During an NTLM handshake, I've never seen a server mentioning another scheme. 
As seen in message #4, the NTLM header still contains data, so there should not 
be WWW-Authenticate: Negotiate header.

That said, this is only my experience. I tried to find any words on this from 
an RFC but failed.

-Max



On Oct 10, 2011, at 7:48 AM, Chris Hegarty<chris.hega...@oracle.com>  wrote:

Max [to'ed],

Does this look familiar? Is it wrong for the server to be returning 
"WWW-Authenticate: Negotiate" during NTLM handshake?

-Chris.

On 08/10/2011 14:41, Mario Ivankovits wrote:
Hi net-devs,

I hope you do not mind that I post to this list, but I hope I can
provide enough in-depth information about the problem to justify the
post here.

Accessing a “normal” ntlm protected resource – a simple index.html in
an protected directory on an IIS 7.5 server - the ntlm authentication
works fine.

However, trying to access the Microsoft Exchange 2010 webservice
failes with “401 Unauthorized”.

I used this few lines to debug the connection/authentication process

URL url = new URL("https://exchange/ews/Services.wsdl";);

byte[] buf = new byte[10240];

int read = url.openStream().read(buf);

System.err.println(new String(buf, 0, read));

This snipped works fine in java 1.6, but failes with an IOException
(http status 401) in java 1.7.

I found an interesting difference when accessing the “normal”
web-page and the exchange webservice.

When accessing the web-page, the server answers “WWW-Authenticate:
Negotiate” just after the first 401 response which triggers the
authentication process then. In contrast, when accessing the Exchange
webservice the “WWW-Authenticate: Negotiate” is sent during the
negotiation process too, which then triggers the inNegotiate flag in
sun.net.www.protocol.http.HttpURLConnection in getInputStream and let
the negotiation process fail.

If I hack the response values and change any subsequent Negotiate to
e.g. NegotiateXX, then the inNegotiate flag will not change and the
authentication process will finish and authentication finally works.
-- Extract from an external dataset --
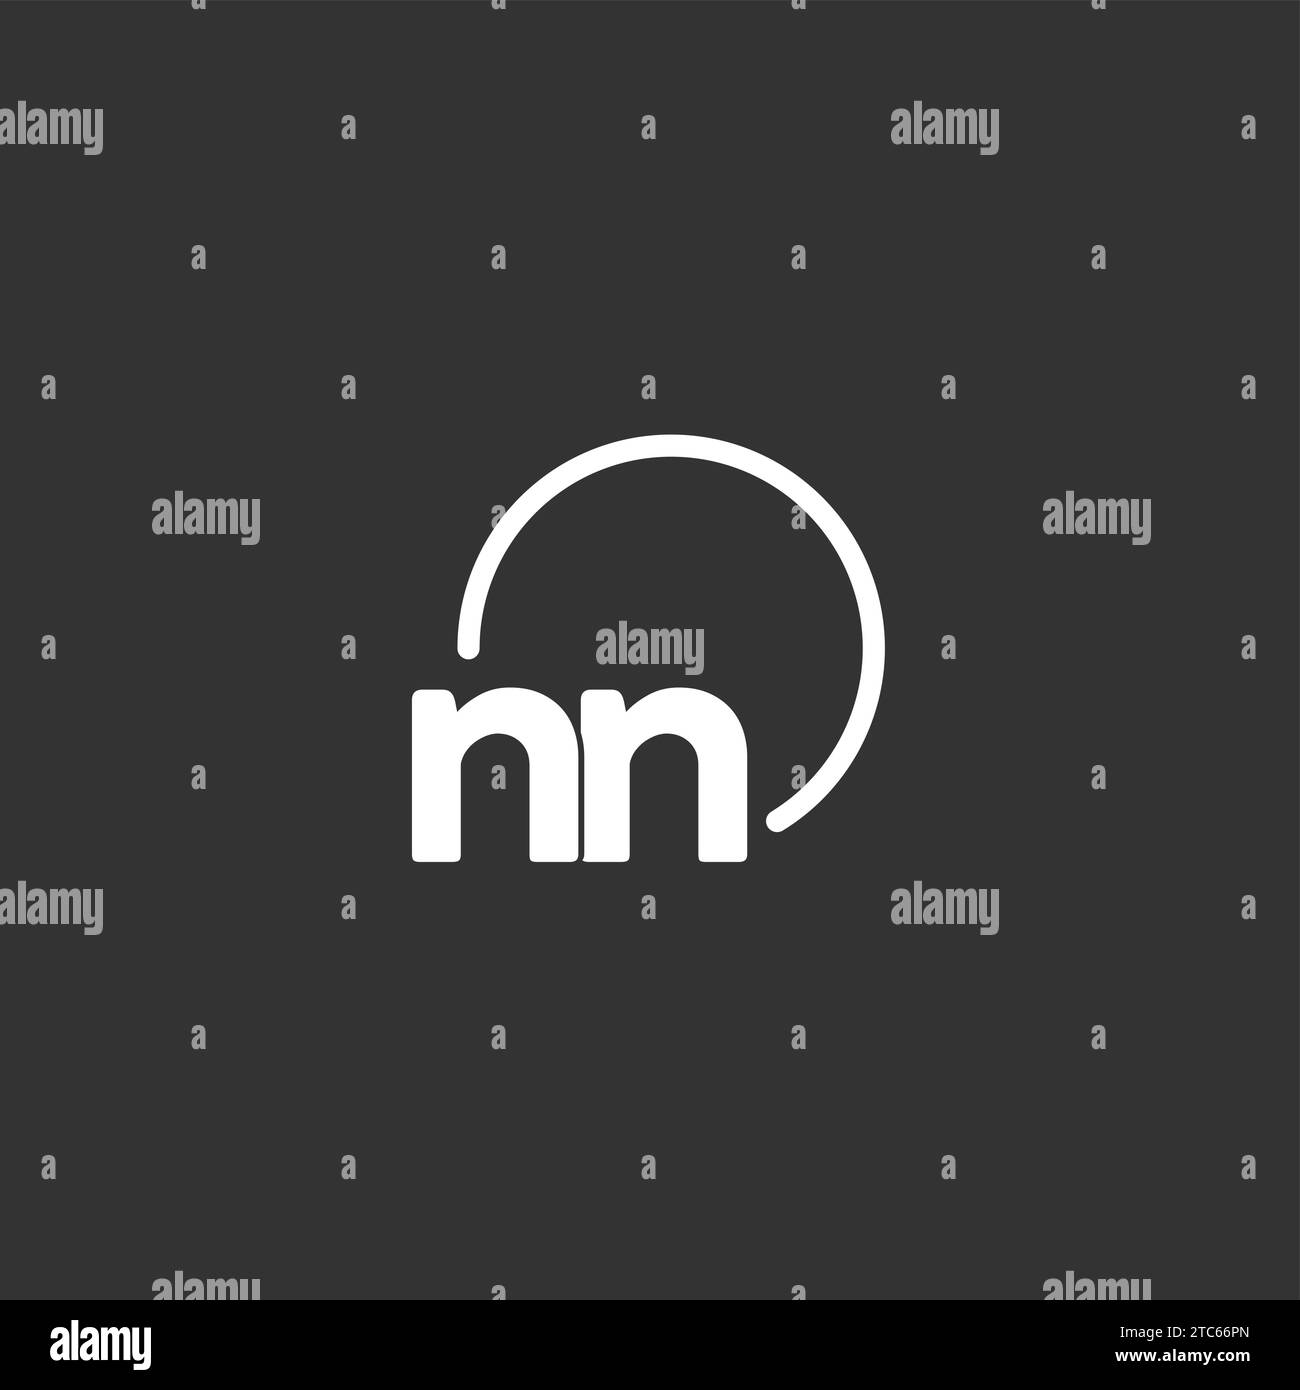 NN initial logo with rounded circle vector graphic Stock Vector

Here is the request/response cycle which fail then:

#1: {GET /ews/Services.wsdl HTTP/1.1: null}{User-Agent:
Java/1.7.0_02-ea}{Host: exchange }{Accept: text/html, image/gif,
image/jpeg, *; q=.2, */*; q=.2}{Connection: keep-alive}

#2: {null: HTTP/1.1 401 Unauthorized}{Server:
Microsoft-IIS/7.5}{WWW-Authenticate: Negotiate}{WWW-Authenticate:
NTLM}{X-Powered-By: ASP.NET}{Date: Sat, 08 Oct 2011 13:17:39
GMT}{Content-Length: 0}

#3: {GET /ews/Services.wsdl HTTP/1.1: null}{User-Agent:
Java/1.7.0_02-ea}{Host: exchange }{Accept: text/html, image/gif,
image/jpeg, *; q=.2, */*; q=.2}{Connection: keep-alive}{Authorization:
NTLM MY_NTLM_DATA}

#4: {null: HTTP/1.1 401 Unauthorized}{Server:
Microsoft-IIS/7.5}{WWW-Authenticate: NTLM
SERVER_NTLM_DATA}{WWW-Authenticate: Negotiate}{X-Powered-By:
ASP.NET}{Date: Sat, 08 Oct 2011 13:17:39 GMT}{Content-Length: 0}

Exception in thread "main" java.io.IOException: Server returned HTTP
response code: 401 for URL: https://exchange/ews/Services.wsdl

at
sun.net.www.protocol.http.HttpURLConnection.getInputStream(HttpURLCon
nection.java:1612)

at
sun.net.www.protocol.https.HttpsURLConnectionImpl.getInputStream(Http
sURLConnectionImpl.java:254)

at java.net.URL.openStream(URL.java:1035)

Does this make sense to you?

It seems to me the “inNegotiate” handling needs a review as it does
not work in all cases.

I hope my informations are of any help to fix this issue.